Here are just five of the ways the report suggests letting the light in and the pollution out:

1. Clean up the draft Clean Air Zones framework

Last October, the government set out its draft plans for new Clean Air Zones in the UK’s five most polluted cities, Birmingham, Derby, Leeds, Nottingham and Southampton (excluding London - where other plans are afoot). These zones will charge “polluting” vehicles to enter and can be implemented with varying levels of intensity, with three options that include cars and one that does not.

But the report argues that there is still too much potential for polluters to play dirty with the rules. Car-charging zones must be mandatory for all cities that breach the current EU standards, the report argues (not just the suggested five). Otherwise national operators who own fleets of vehicles could simply relocate outdated buses or taxis to places where they don’t have to pay.  

Different vehicles should fall under the same rules, the report added. Otherwise, taking your car rather than the bus could suddenly seem like the cost-saving option.

2. Vouchers to vouch-safe the project’s success

The government is exploring a scrappage scheme for diesel cars, to help get the worst and oldest polluting vehicles off the road. But as the report points out, blanket scrappage could simply put a whole load of new fossil-fuel cars on the road.

Instead, ResPublica suggests using the revenue from the Clean Air Zone charges, plus hiked vehicle registration fees, to create “Pollution Reduction Vouchers”.

Low-income households with older cars, that would be liable to charging, could then use the vouchers to help secure alternative transport, buy a new and compliant car, or retrofit their existing vehicle with new technology.

3. Extend Vehicle Excise Duty

Vehicle Excise Duty is currently only tiered by how much CO2 pollution a car creates for the first year. After that it becomes a flat rate for all cars under £40,000. The report suggests changing this so that the most polluting vehicles for CO2, NOx and PM2.5 continue to pay higher rates throughout their life span.
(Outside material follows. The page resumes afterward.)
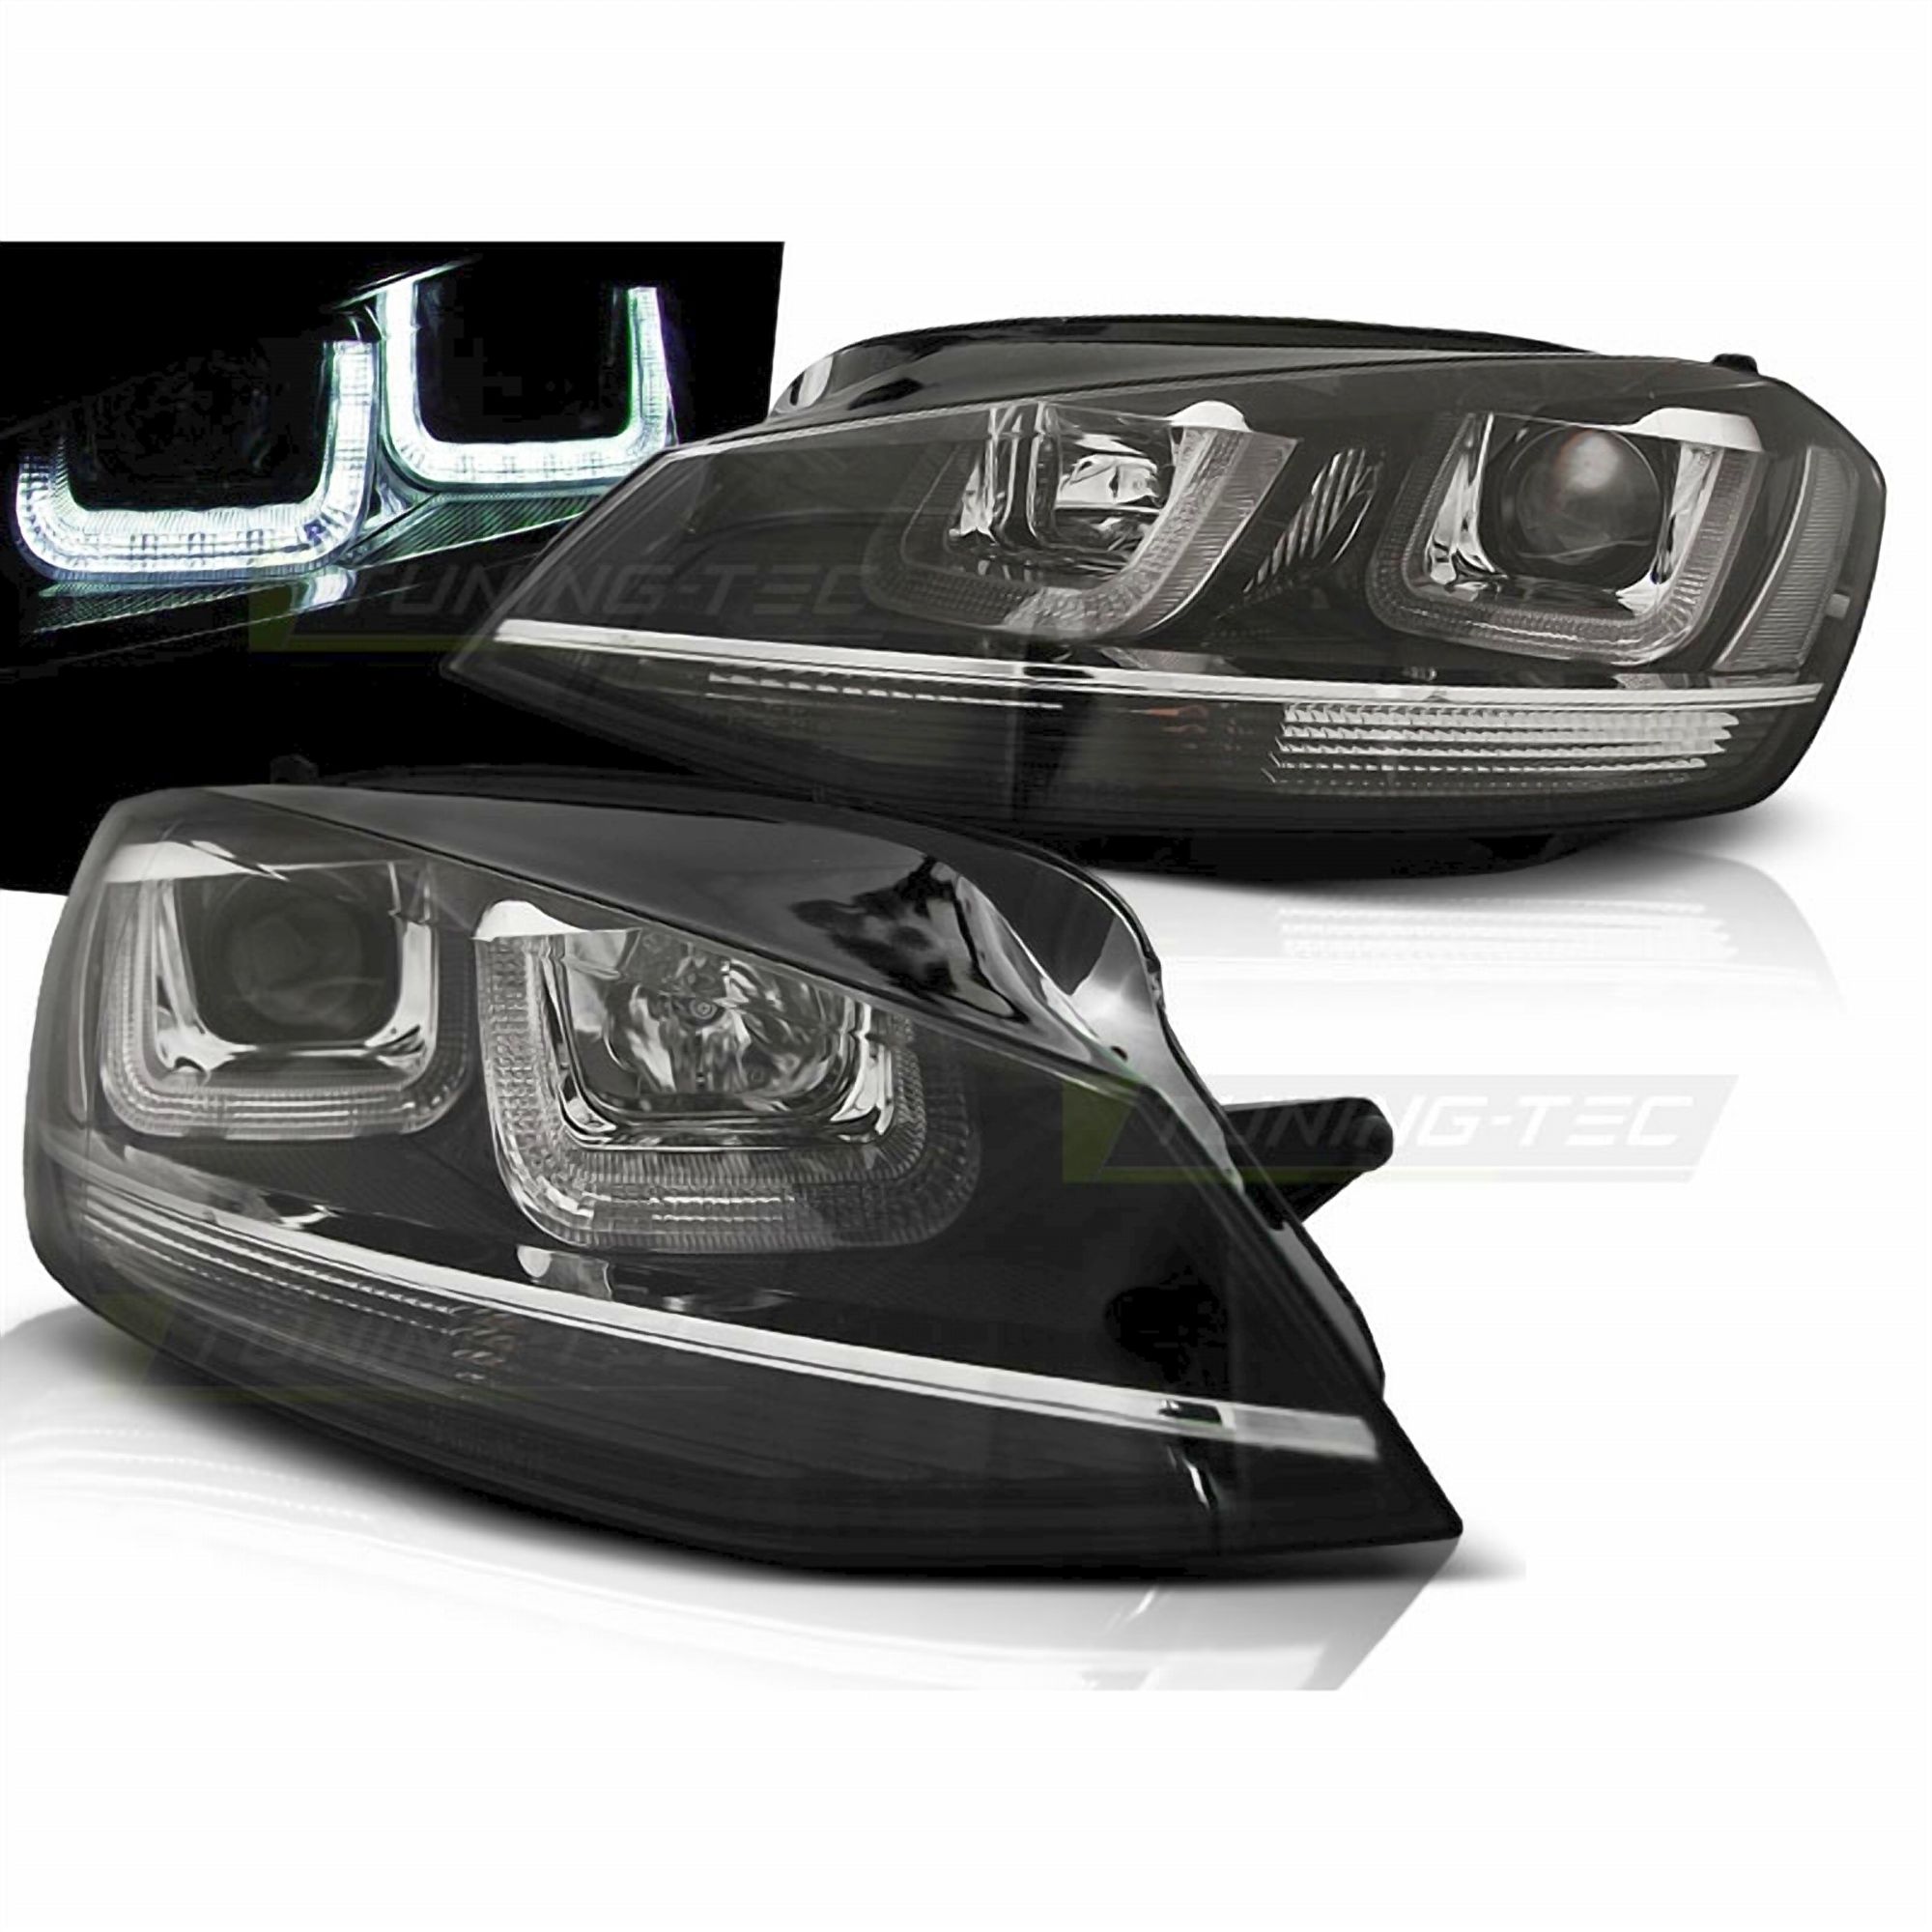 LED chrom Silver Line Tagfahrlicht Scheinwerfer in schwarz für VW Golf 7  VII 11.2012-2017, Für VW Golf 7, Für VW Golf, Für VW, Beleuchtung

For ClientEarth CEO James Thornton, changes to vehicle excise duty are key to moving people onto cleaner modes of transport: “We need a network of clean air zones to keep the most polluting diesel vehicles from the most polluted parts of our towns and cities and incentives such as a targeted scrappage scheme and changes to vehicle excise duty to move people onto cleaner modes of transport.”

4. Repurposed car parks

You would think city bosses would want less cars in the centre of town. But while less cars is good news for oxygen-breathers, it is bad news for city budgets reliant on parking charges. But using car parks to tap into new revenue from property development and joint ventures could help cities reverse this thinking.
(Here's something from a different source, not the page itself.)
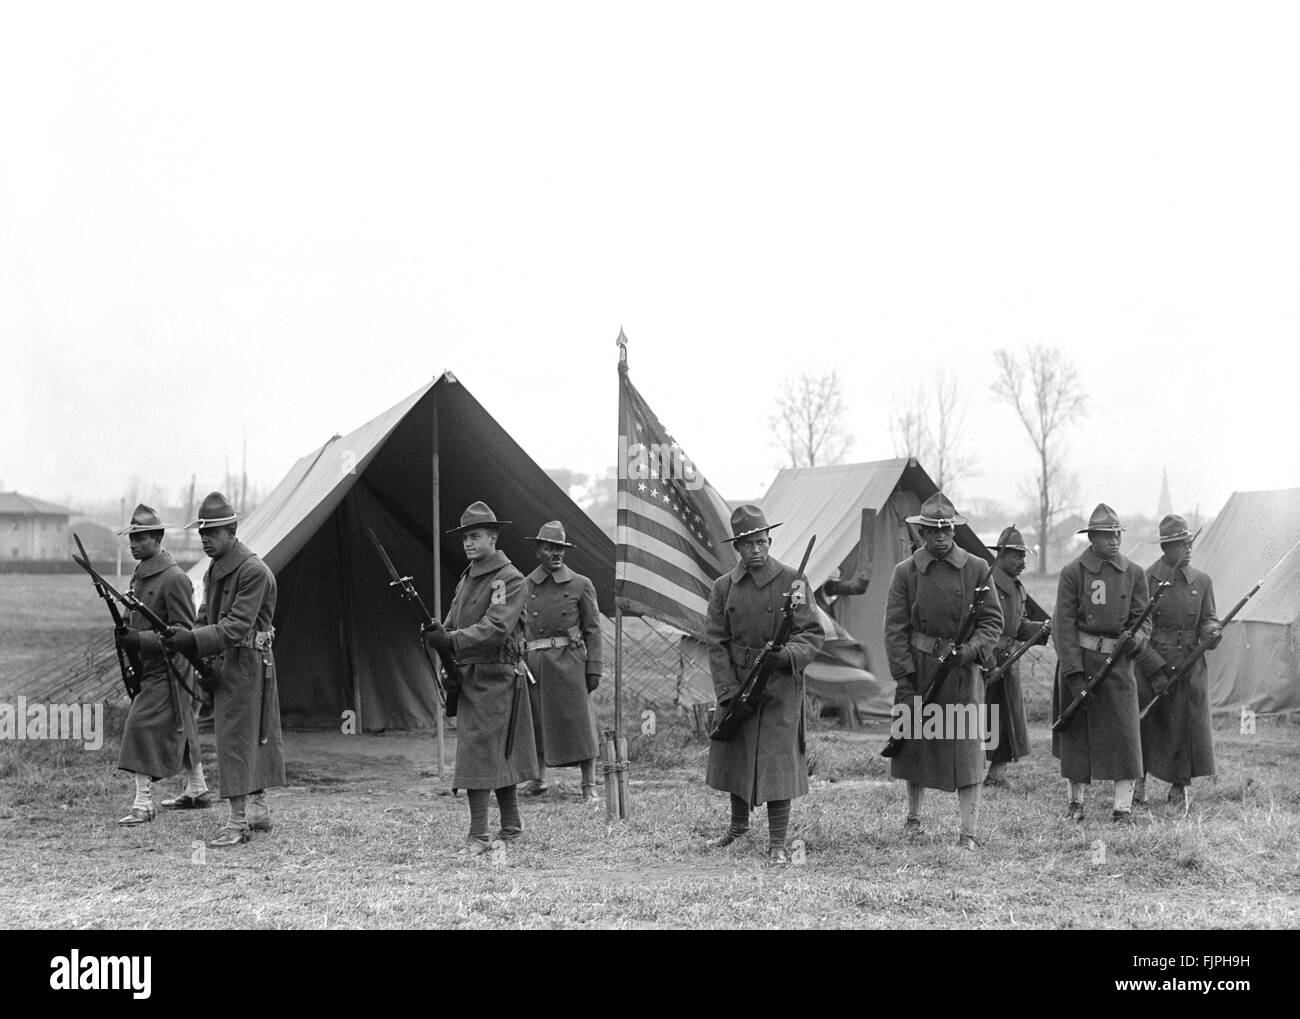 Soldats américains avec des baïonnettes apposées sur les fusils de protection des tentes de l'armée et drapeau américain, Harris & Ewing, 1917 Banque D'Images

5. Prioritise public awareness

Charge zones can be understandably unpopular. In 2008, a referendum in Manchester defeated the idea of congestion charging. So a big effort is needed to raise public awareness of the health crisis our roads have caused. Metro mayors should outline pollution plans in their manifestos, the report suggests. And cities can take advantage of their existing assets. For example in London there are plans to use electronics in the Underground to update travellers on the air pollution levels.

***

Change is already in the air. Southampton has used money from the Local Sustainable Travel Fund to run a successful messaging campaign. And in 2011 Nottingham City Council became the first city to implement a Workplace Parking levy – a scheme which has raised £35.3m to help extend its tram system, upgrade the station and purchase electric buses.

But many more “air necessities” are needed before we can forget about pollution’s worry and its strife.  

 

India Bourke is an environment writer and editorial assistant at the New Statesman.